Relative value is a method of determining an asset's worth that takes into account the value of similar assets. That is, compared to European markets or the US market how cheap is the Indian market. This is in contrast with absolute value, which looks only at an asset's intrinsic value and does not compare it to other assets.
Contrarian indicators are where there is evidence of extreme investor pessimism. A contrarian investor enters the market when others are feeling negative about it. According to Mr. Dhaval, “The contrarian believes the value of the market or stock is below its intrinsic value and thus represents an opportunity. In essence, an abundance of pessimism among other investors has pushed the price of the stock below what it should be, and the contrarian investor will buy that before the broader sentiment returns and the share prices rebound”. The contrarian sees buying opportunities in stocks that are currently selling below their intrinsic value.

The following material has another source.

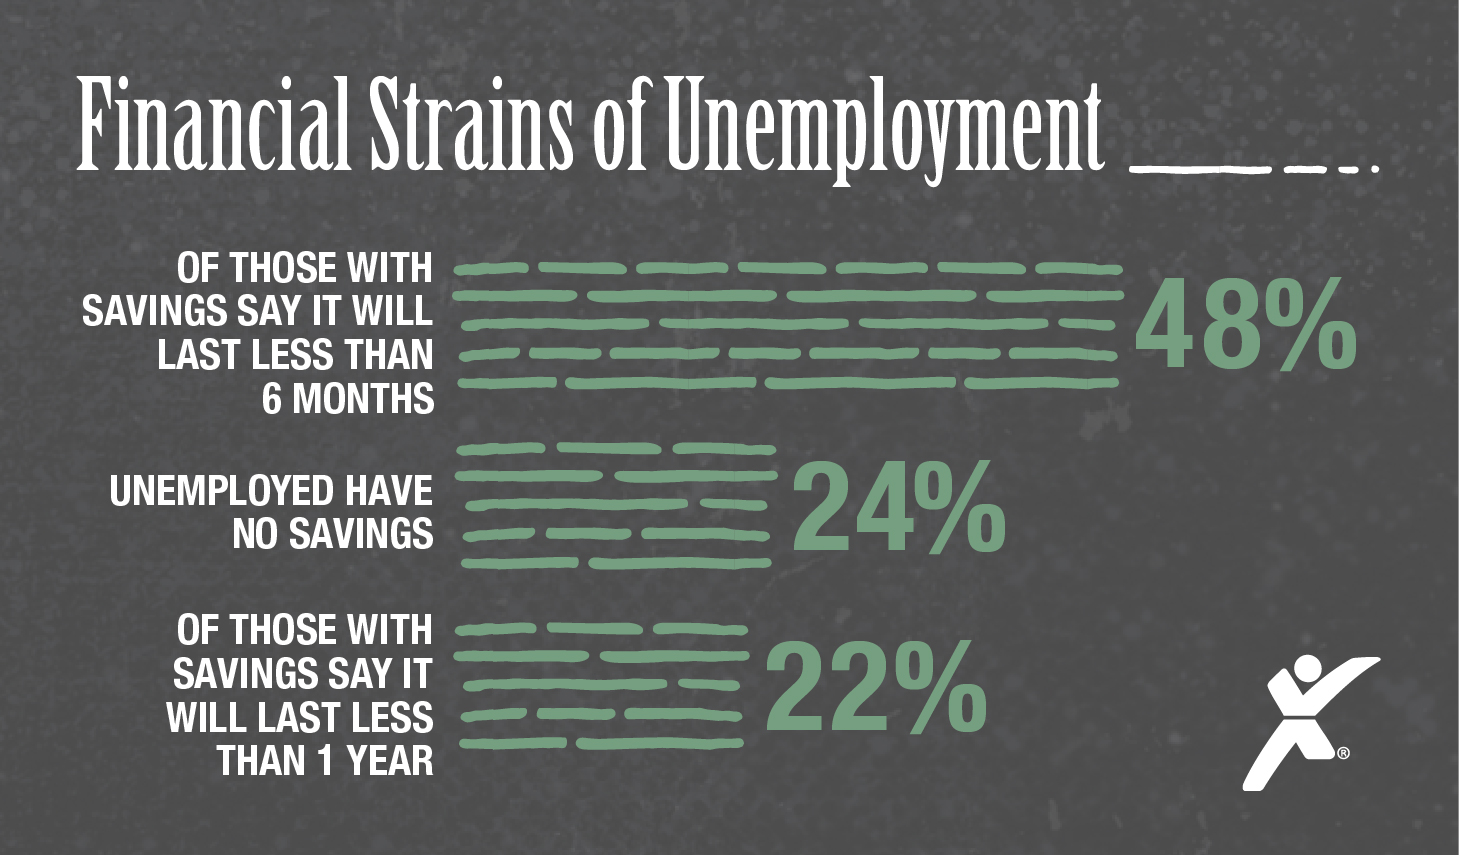 Financial Strains of Unemployment

Fundamental risk takes into consideration what could be the possible permanent loss of capital that an investor could incur if he/she invests in the market at this particular point in time. An example of it is the Russian market where there is a possibility for a permanent loss of capital for investors considering the ongoing war and various sanctions imposed on Russia. In terms of valuation. Prices have come down and the fundamental risk is pretty high.
Taking the example of absolute and relative valuation, we view markets based on absolute and relative valuation. So we list out various markets and the return expectation over the next five to ten years. The returns considered here are real returns to make the comparison better. The real return is simply the return an investor receives after the rate of inflation is taken into account. We have taken all events as of January end of 2022 versus one year ago, how these expected returns have changed over a period of time. As stands today the expected return on the Chinese market is higher. This is because of the regulatory changes that were introduced and which had impacted a number of companies. Hence, Chinese equities are amongst the more attractive classes at this point. UK equities also look attractive but not compared to China; this is because of the UK equity market’s performance in 2021. Indian equities, however, are not that attractive; they are somewhere in the middle. We have seen a sharp run-up, as well as valuations, have moved up. The returns are on the lower side. The US market has been unattractive although there have been some corrections recently. Yet on a relative basis, they are largely unattractive.
So what drives these returns? What are the parameters? These parameters include cash growth and earnings growth and how are corporates expected to increase their earnings. In the next five to ten years. What is the dividend yield payout that can be expected in the next five to ten years finally we consider the valuations aspect. Whether the corporates are overvalued or undervalued based on the returns in the next five to ten years.
We consider two or three parameters to understand the contrarian indicators. The first is the performance of the market. Contrarian indicators are negative if the markets have done very well over the last 6-12 months. Similarly, if the flows have been very strong the contrarian indicators are negative. Next, we take the earnings growth expectations. For example, for India, the earnings growth expectations are pretty strong and are expected to be anywhere between 5 and 9 percent. However, we must also keep in mind the increasing prices of the commodity and inflation. Hence, while the contrarian indicators at the moment show some optimism, at large there is a lot of negativity and pessimism.